Asn112 is located at the active site of thermolysin, 5-8 A from the catalytic Zn2+ and catalytic residues Glu143 and His231. When Asn112 was replaced with Ala, Asp, Glu, Lys, His, and Arg by site-directed mutagenesis, the mutant enzymes N112D and N112E, in which Asn112 is replaced with Asp and Glu, respectively, were secreted as an active form into Escherichia coli culture medium, while the other four were not. In the hydrolysis of a neutral substrate N-[3-(2-furyl)acryloyl]-Gly-L-Leu amide, the kcat/Km values of N112D and N112E exhibited bell-shaped pH-dependence, as did the wild-type thermolysin (WT). The acidic pKa of N112D was 5.7 +/- 0.1, higher by 0.4 +/- 0.2 units than that of WT, suggesting that the introduced negative charge suppressed the protonation of Glu143 or Zn2+-OH. In the hydrolysis of a negatively charged substrate, N-carbobenzoxy-l-Asp-l-Phe methyl ester (ZDFM), the pH-dependence of kcat/Km of the mutants decreased with increase in pH from 5.5 to 8.5, while that of WT was bell-shaped.
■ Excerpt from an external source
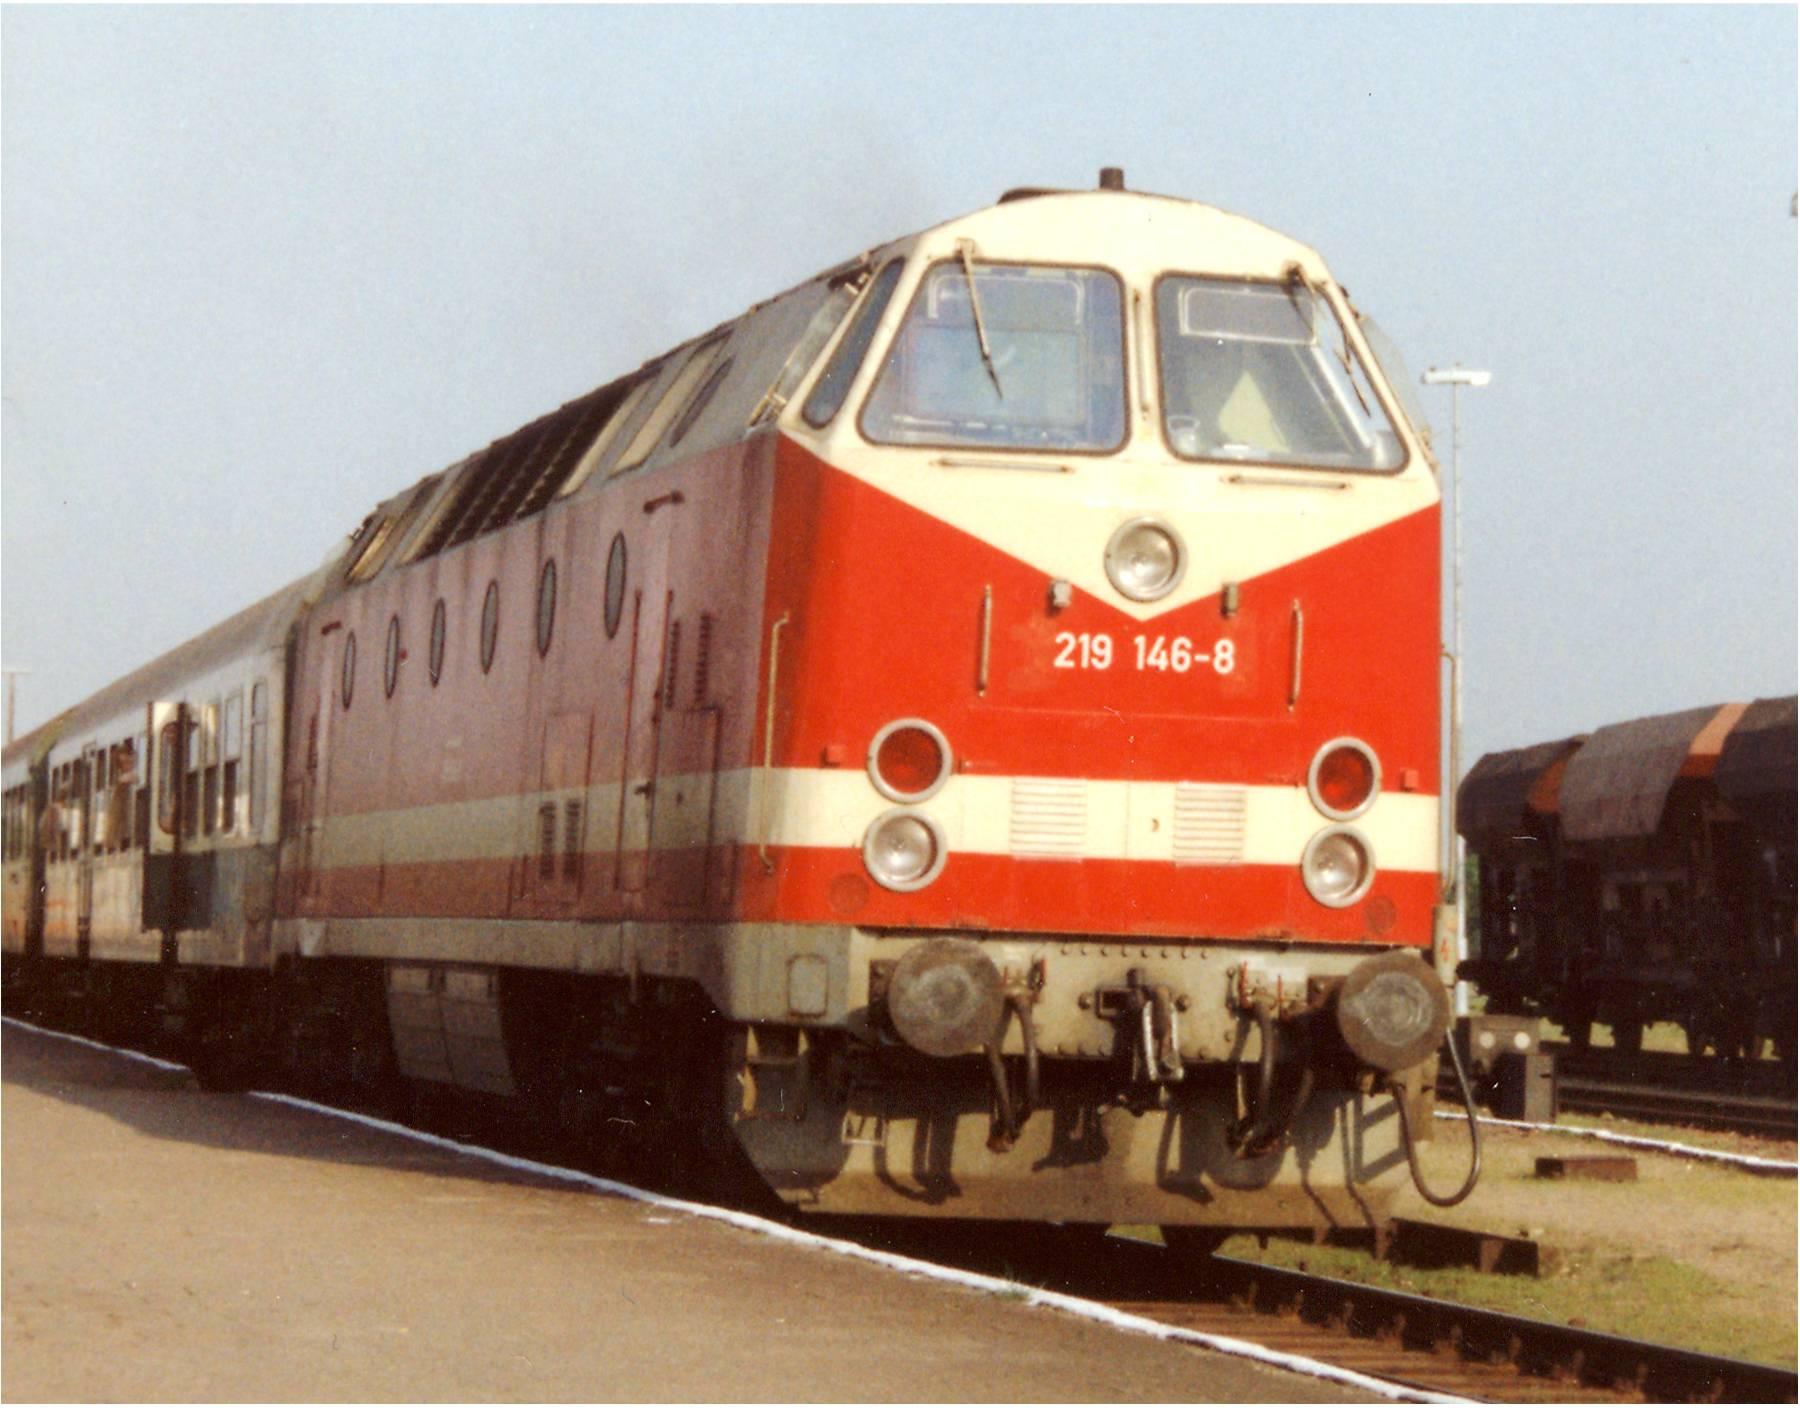 DB-Baureihe 219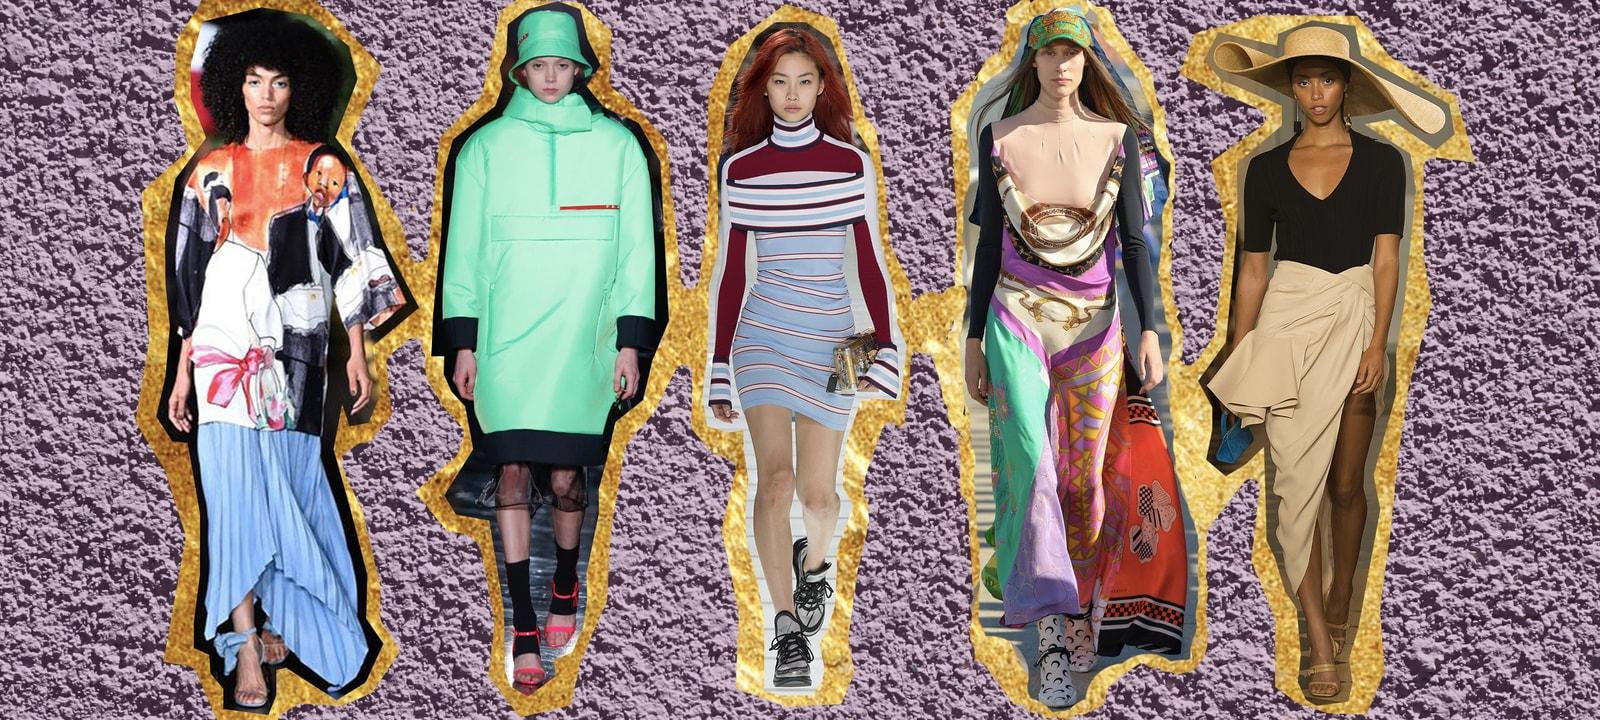 2018 Fashion Trends Designers Louis Vuitton Dior Prada Jacquemus Pyer Moss Marine Serre Martine Rose adidas Danielle Cathari Louis Vuitton

This difference might be explained by the electrostatic repulsion between the introduced Asp/Glu and ZDFM, suggesting that introducing ionizing residues into the active site of thermolysin might be an effective means of modifying its pH-activity profile.

Extracellular production of recombinant thermolysin expressed in Escherichia coli, and its purification and enzymatic characterization.

Thermolysin is a representative zinc metalloproteinase derived from Bacillus thermoproteolyticus and a target in protein engineering to understand the catalytic mechanism and thermostability. Extracellular production of thermolysin has been achieved in Bacillus, but not in Escherichia coli, although it is the most widely used as a host for the production of recombinant proteins. In this study, we expressed thermolysin as a single polypeptide pre-proenzyme in E. coli under the original promoter sequences in the npr gene, the gene from B. thermoproteolyticus, which encodes thermolysin. Active mature thermolysin (34.6 kDa) was secreted into the culture medium. The recombinant thermolysin was purified to homogeneity by sequential column chromatography procedures of the supernatant with hydrophobic-interaction chromatography followed by affinity chromatography. The purified recombinant product is indistinguishable from natural thermolysin from B. thermoproteolyticus as assessed by hydrolysis of N-[3-(2-furyl)acryloyl]-glycyl-L-leucine amide and N-carbobenzoxy-L-asparatyl-L-phenylalanine methyl ester. The results demonstrate that our expression system should be useful for structural and functional analysis of thermolysin.